* **Provided material**
----
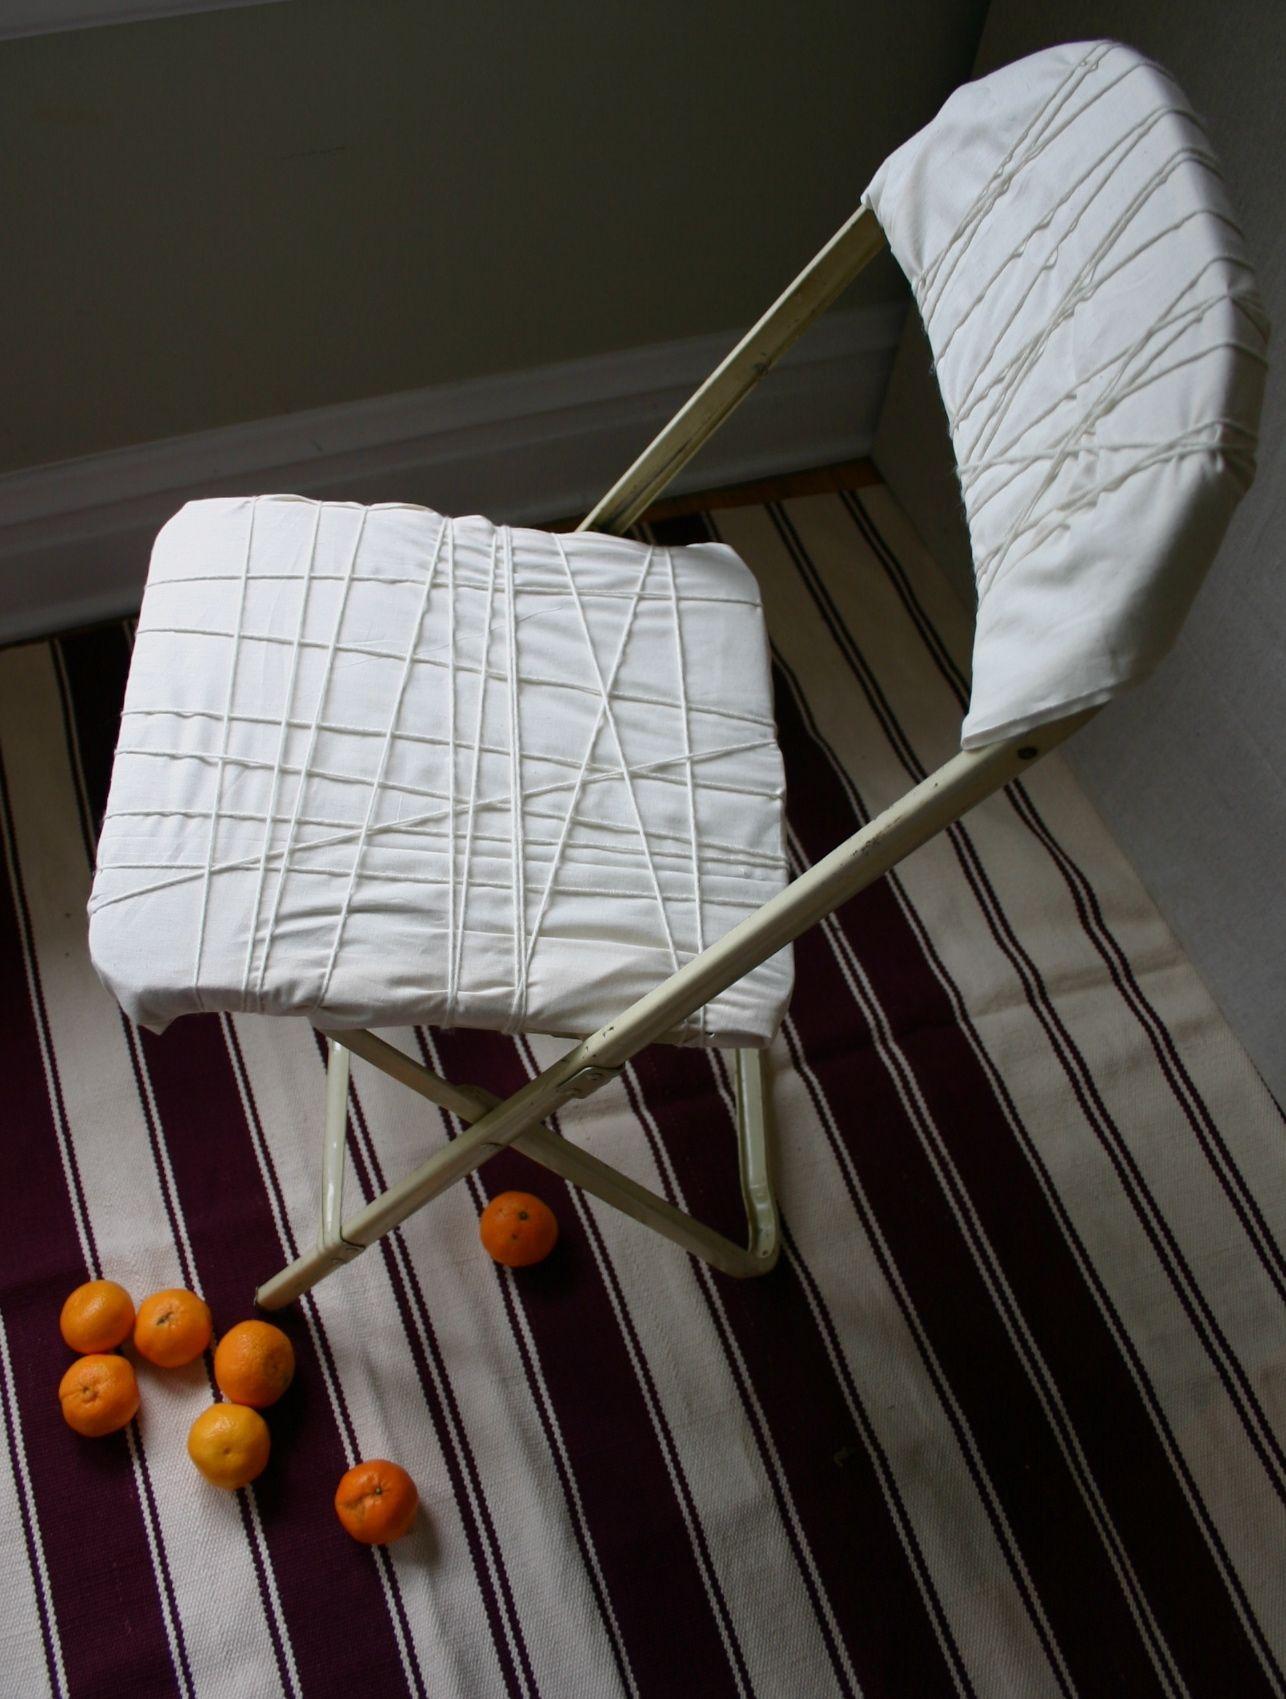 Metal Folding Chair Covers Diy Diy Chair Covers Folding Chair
----
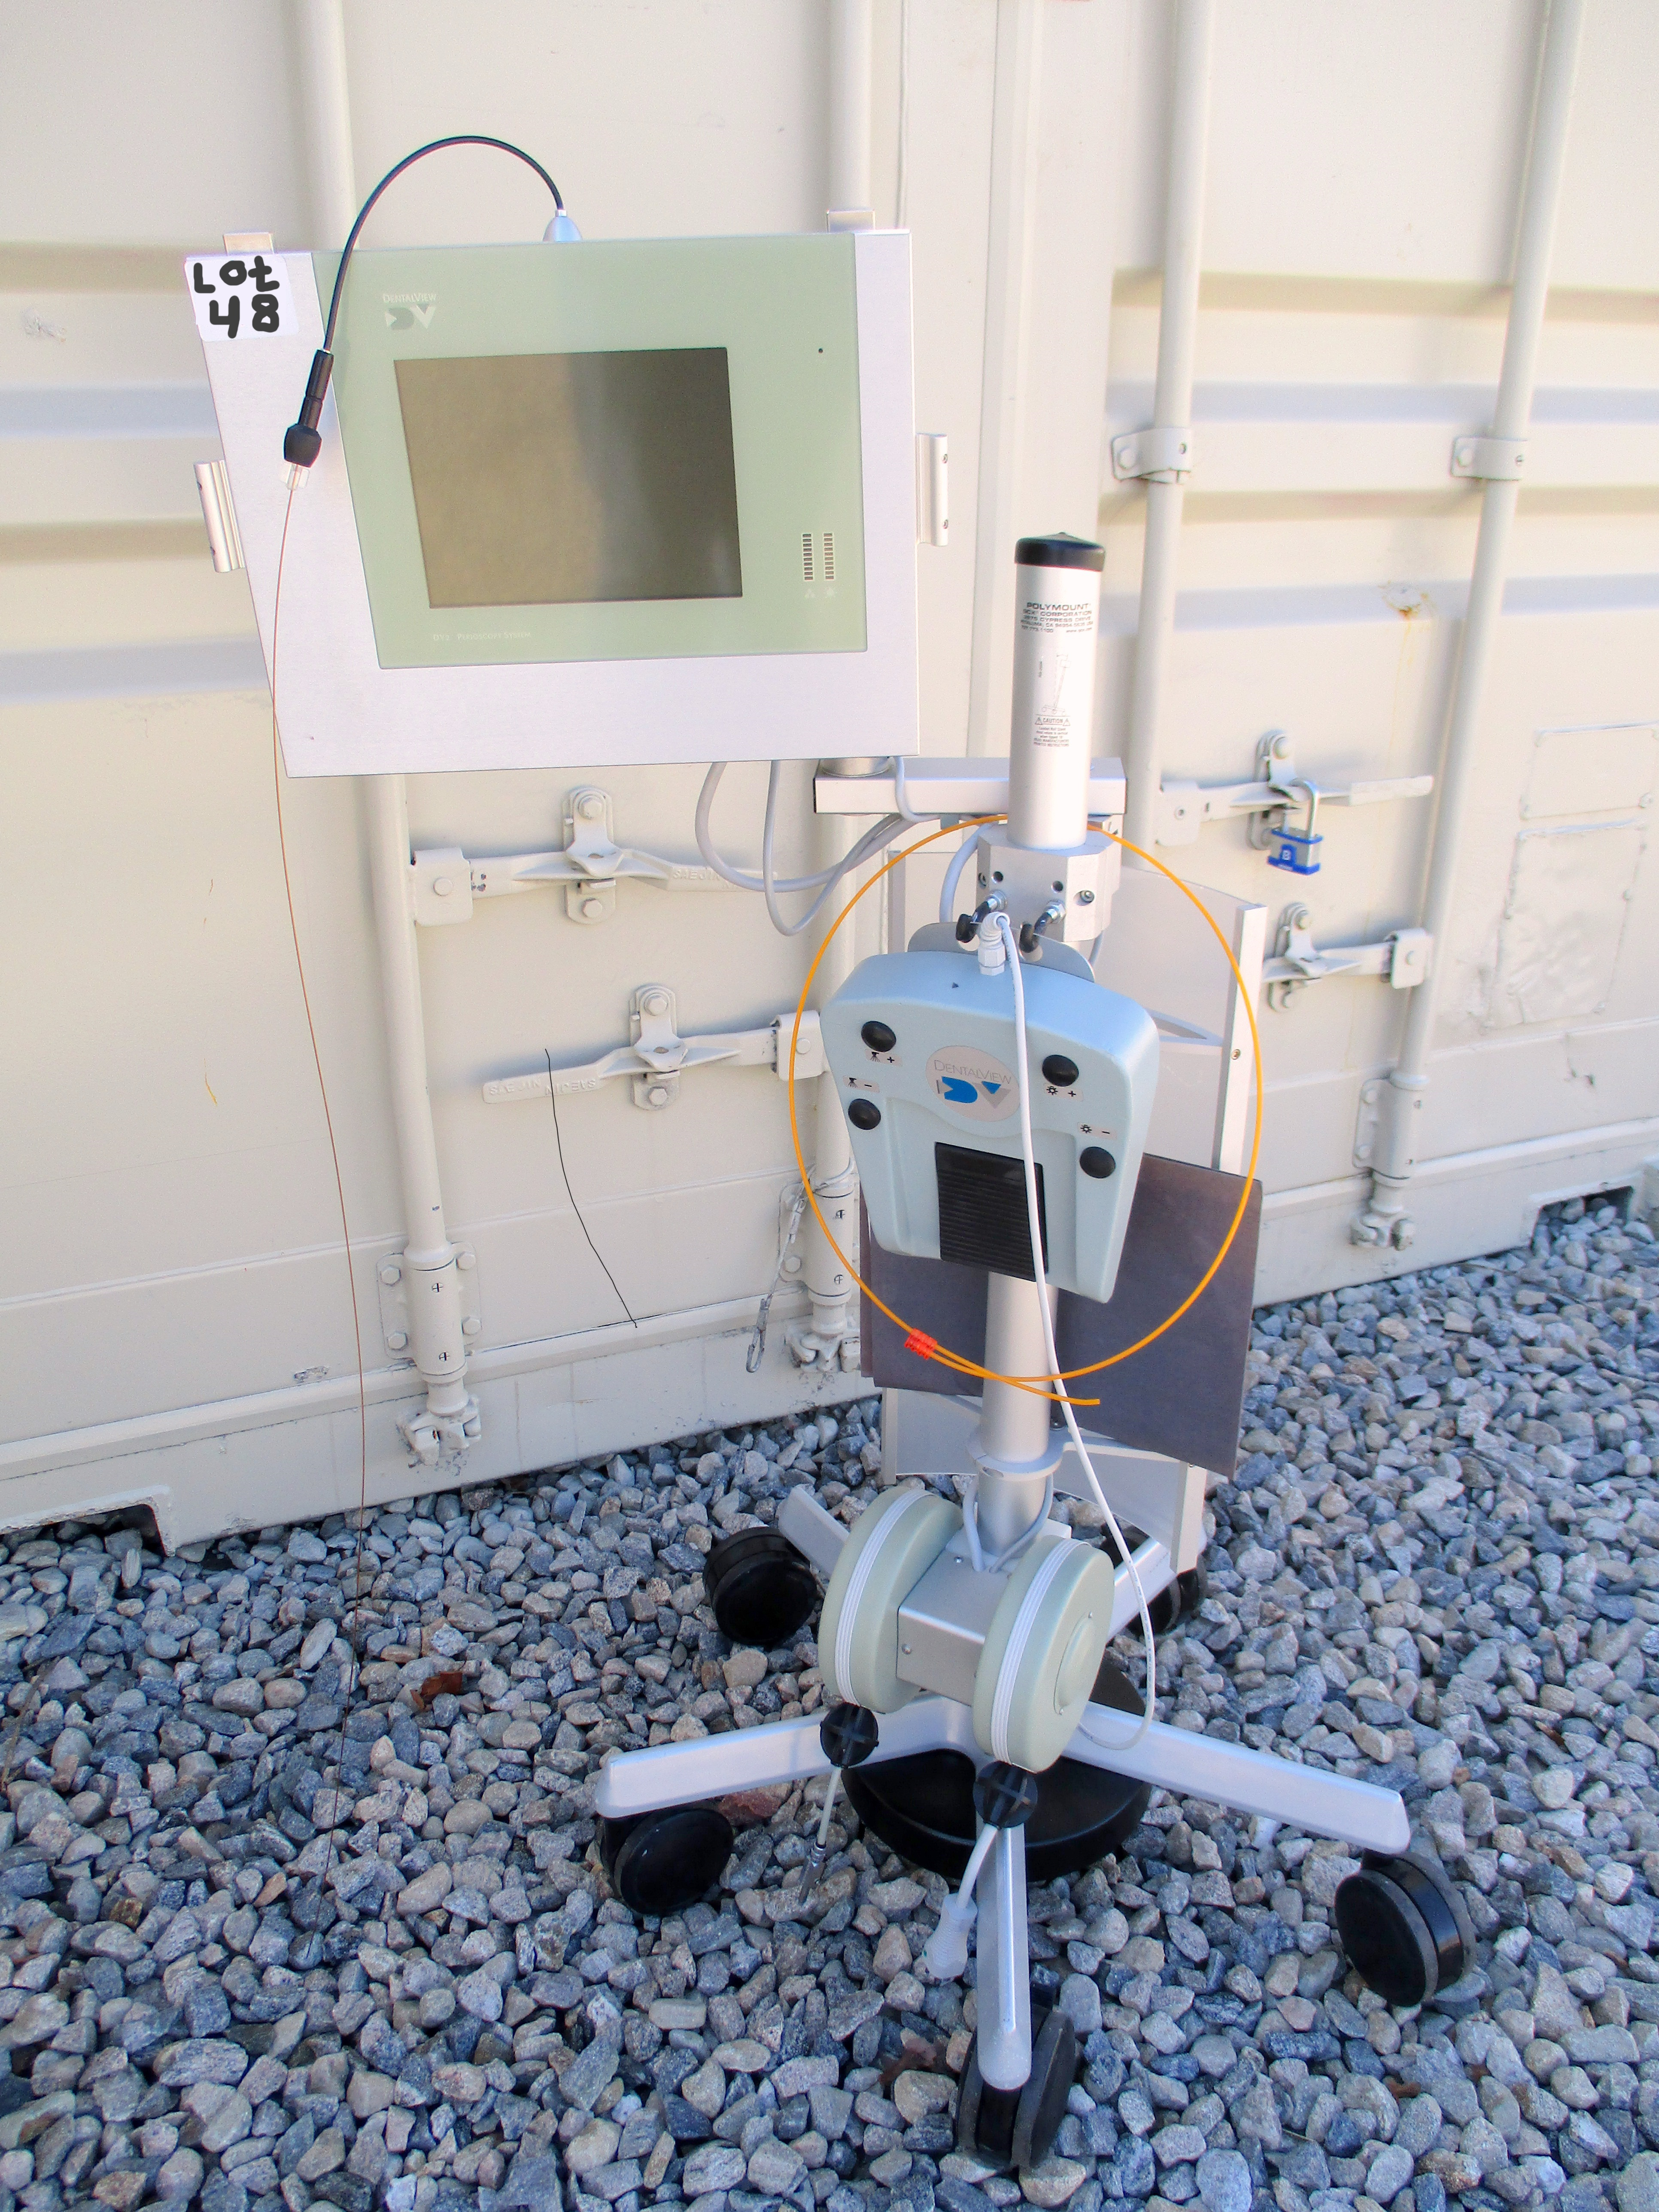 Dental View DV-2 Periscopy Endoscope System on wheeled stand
----
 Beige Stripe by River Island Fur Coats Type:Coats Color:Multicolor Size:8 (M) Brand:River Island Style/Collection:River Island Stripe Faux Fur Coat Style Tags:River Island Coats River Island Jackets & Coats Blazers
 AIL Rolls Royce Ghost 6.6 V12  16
----
* **What is expected**
Copy only this part of the entries above: the line with "Beige Stripe by", the line with "AIL Rolls Royce", and the lines between, all exactly as written.

* **Task output**
 Beige Stripe by River Island Fur Coats Type:Coats Color:Multicolor Size:8 (M) Brand:River Island Style/Collection:River Island Stripe Faux Fur Coat Style Tags:River Island Coats River Island Jackets & Coats Blazers
 AIL Rolls Royce Ghost 6.6 V12  16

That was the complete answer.